3

My application needs me to define multiple roles for a single user .

I have read Spring security with database and multiple roles? .

Why should we implement our own UserDetails ? Existing one contains 

Collection getAuthorities();

Also is there any reference or tutorial which I can follow for implementing multiple roles for a single user ?

Community
  • 1
  • 1
Vinoth Kumar C M
  • 10,378
  • 28
  • 89
  • 130

3 Answers3

2

In case anybody is interested in a custom UserDetailsService for comma-separated authorities:

@Component
public class MyUserDetailsService implements UserDetailsService {

    @Resource
    private AccountService accounts;

    @Override
    public UserDetails loadUserByUsername(String username) throws UsernameNotFoundException {

        Account account = accounts.findByUsername(username);
        if(null == account) {
            throw new UsernameNotFoundException("User " + username + " not found.");
        }

        List<SimpleGrantedAuthority> authorities = new ArrayList<SimpleGrantedAuthority>();
        String[] authStrings = account.getAuthorities().split(", ");
        for(String authString : authStrings) {
            authorities.add(new SimpleGrantedAuthority(authString));
        }

        UserDetails ud = new User(account.getUsername(), account.getPassword(), authorities);
        return ud;
    }

}

Now you can have something like this in the db:

+----+-----------------------+----------+----------+
| id | authorities           | password | username |
+----+-----------------------+----------+----------+
|  1 | ROLE_ADMIN            | 123qwe   | markm    |
|  2 | ROLE_ADMIN, ROLE_USER | 123qwe   | kemika   |
+----+-----------------------+----------+----------+
markbaldy
  • 2,521
  • 1
  • 14
  • 10
2

The accepted answer to the post you have referenced doesn't seem correct to me.

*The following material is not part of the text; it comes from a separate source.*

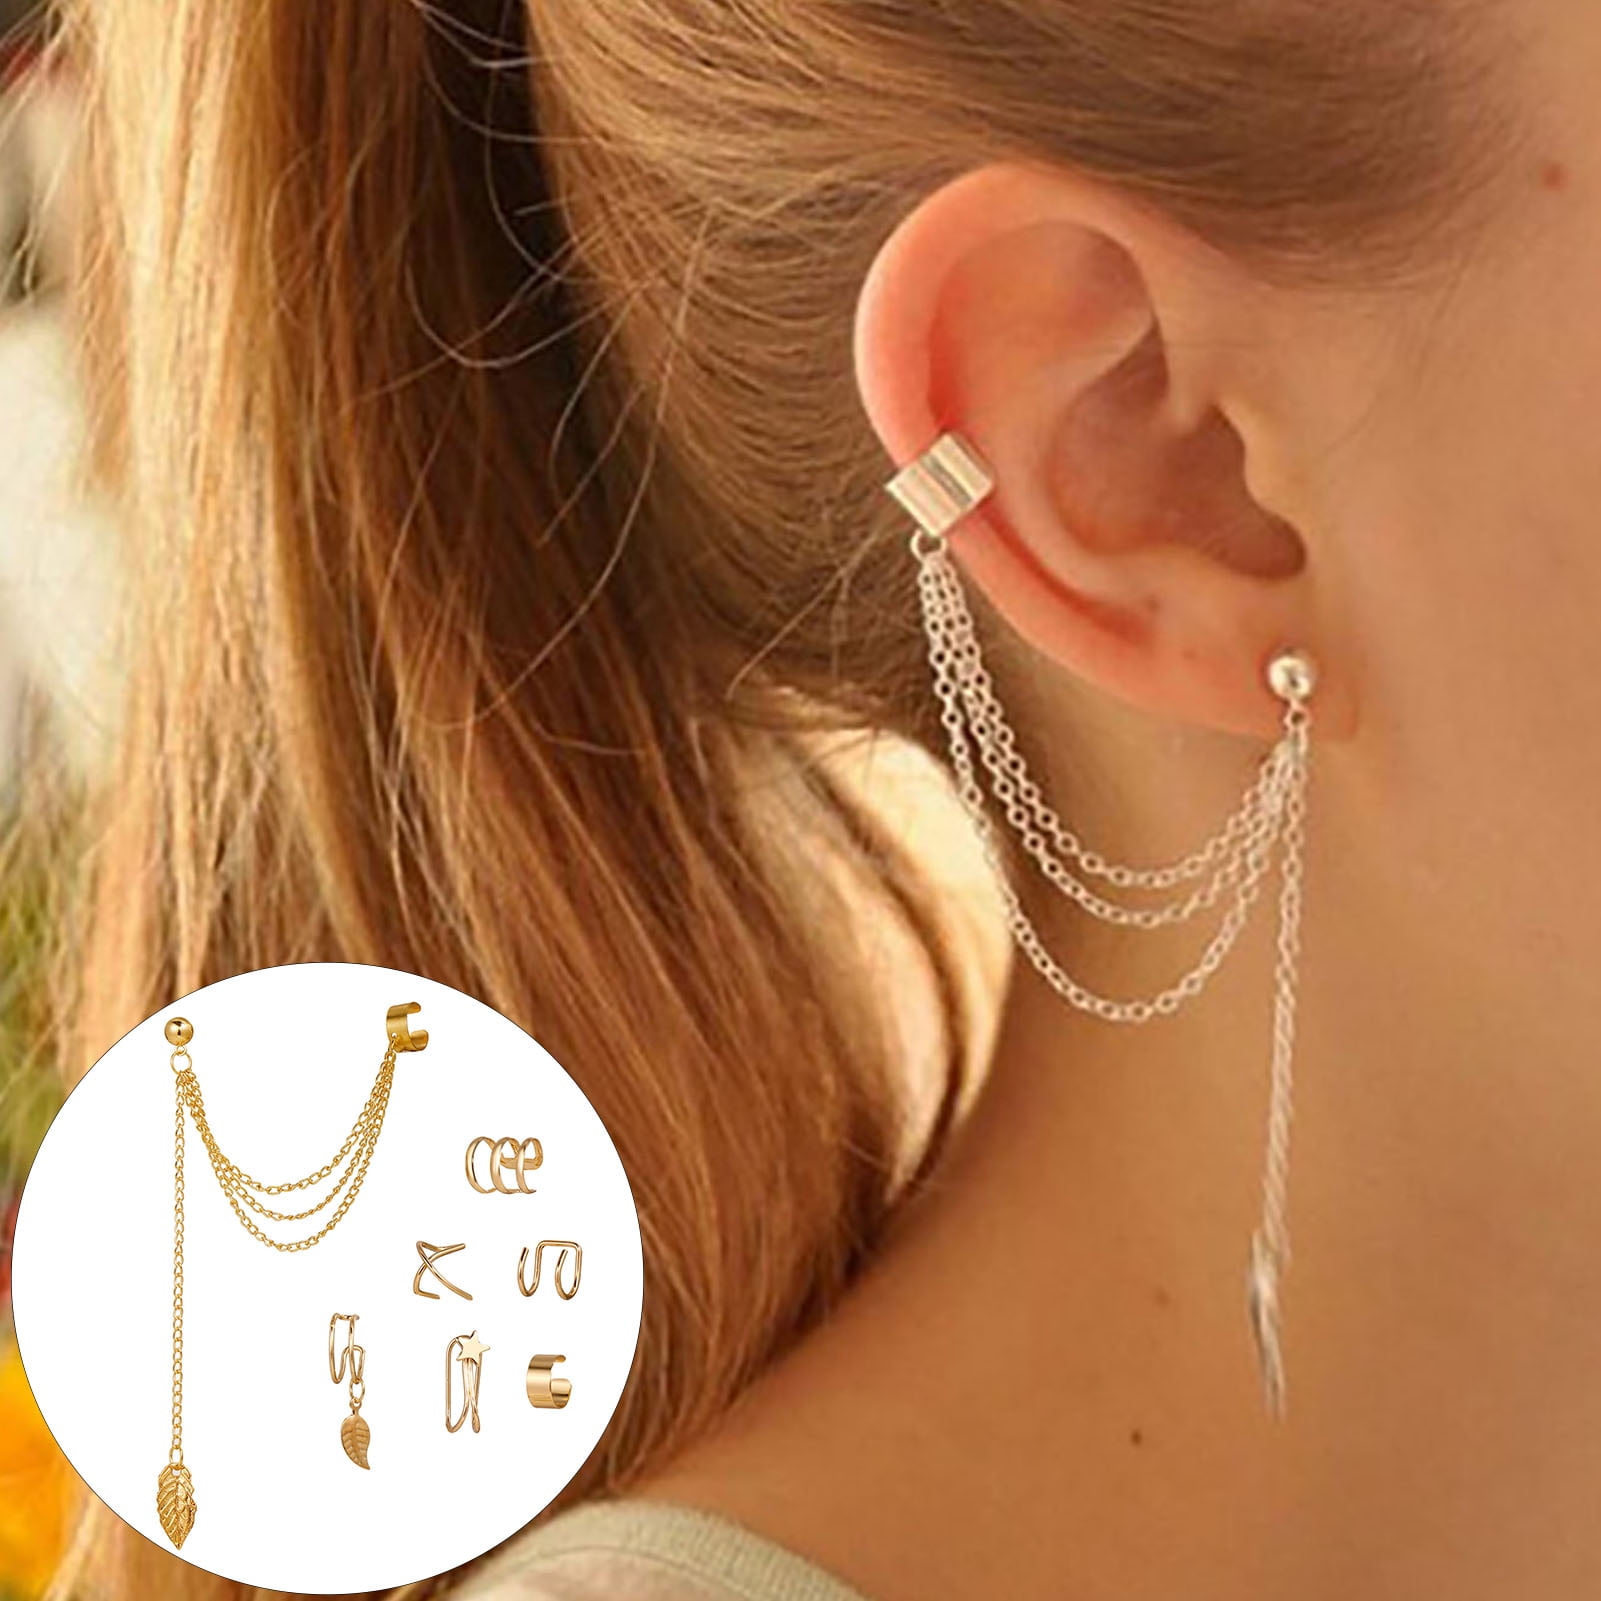 4 Earrings Set, Ear Cuff, Helix Earring, Cartilage Piercing in 925 Sterling  Silver and Gold Plated, Huggie Earrings, Ear Jacket Earring -  Norway

You don't have to create your own UserDetailsService implementation for this. Multiple roles are already supported. See JdbcDaoImpl. You have to just make sure that authoritiesByUsernameQuery matches with your database set up. By default its value is select username,authority from authorities where username = ?. This query is executed by loadUserAuthorities method that loads all authorities.

Ritesh
  • 7,472
  • 2
  • 39
  • 43
  • I tried this and instead of splitting ROLE_ADMIN,ROLE_USER into 2 roles, I got the whole string as a single role "ROLE_ADMIN,ROLE_USER" which needless to say does not work – markbaldy Jun 05 '13 at 06:56
  • @markbaldy I am not sure if I got the issue. Can you add code to show what you have tried? – Ritesh Jun 06 '13 at 06:47
  • Using your solution the whole string was returned as a single permission: "ROLE_ADMIN,ROLE_USER", instead of ["ROLE_ADMIN","ROLE_USER"]. I did need to implement my own UserDetailsService. – markbaldy Jun 07 '13 at 07:04
  • I guess I am trying to understand where do you get that string. The loadUserAuthorities method of JdbcDaoImpl returns a list of GrantedAuthority. – Ritesh Jun 07 '13 at 15:34
0

Spring security supports more-than-one roles out-of-the-box!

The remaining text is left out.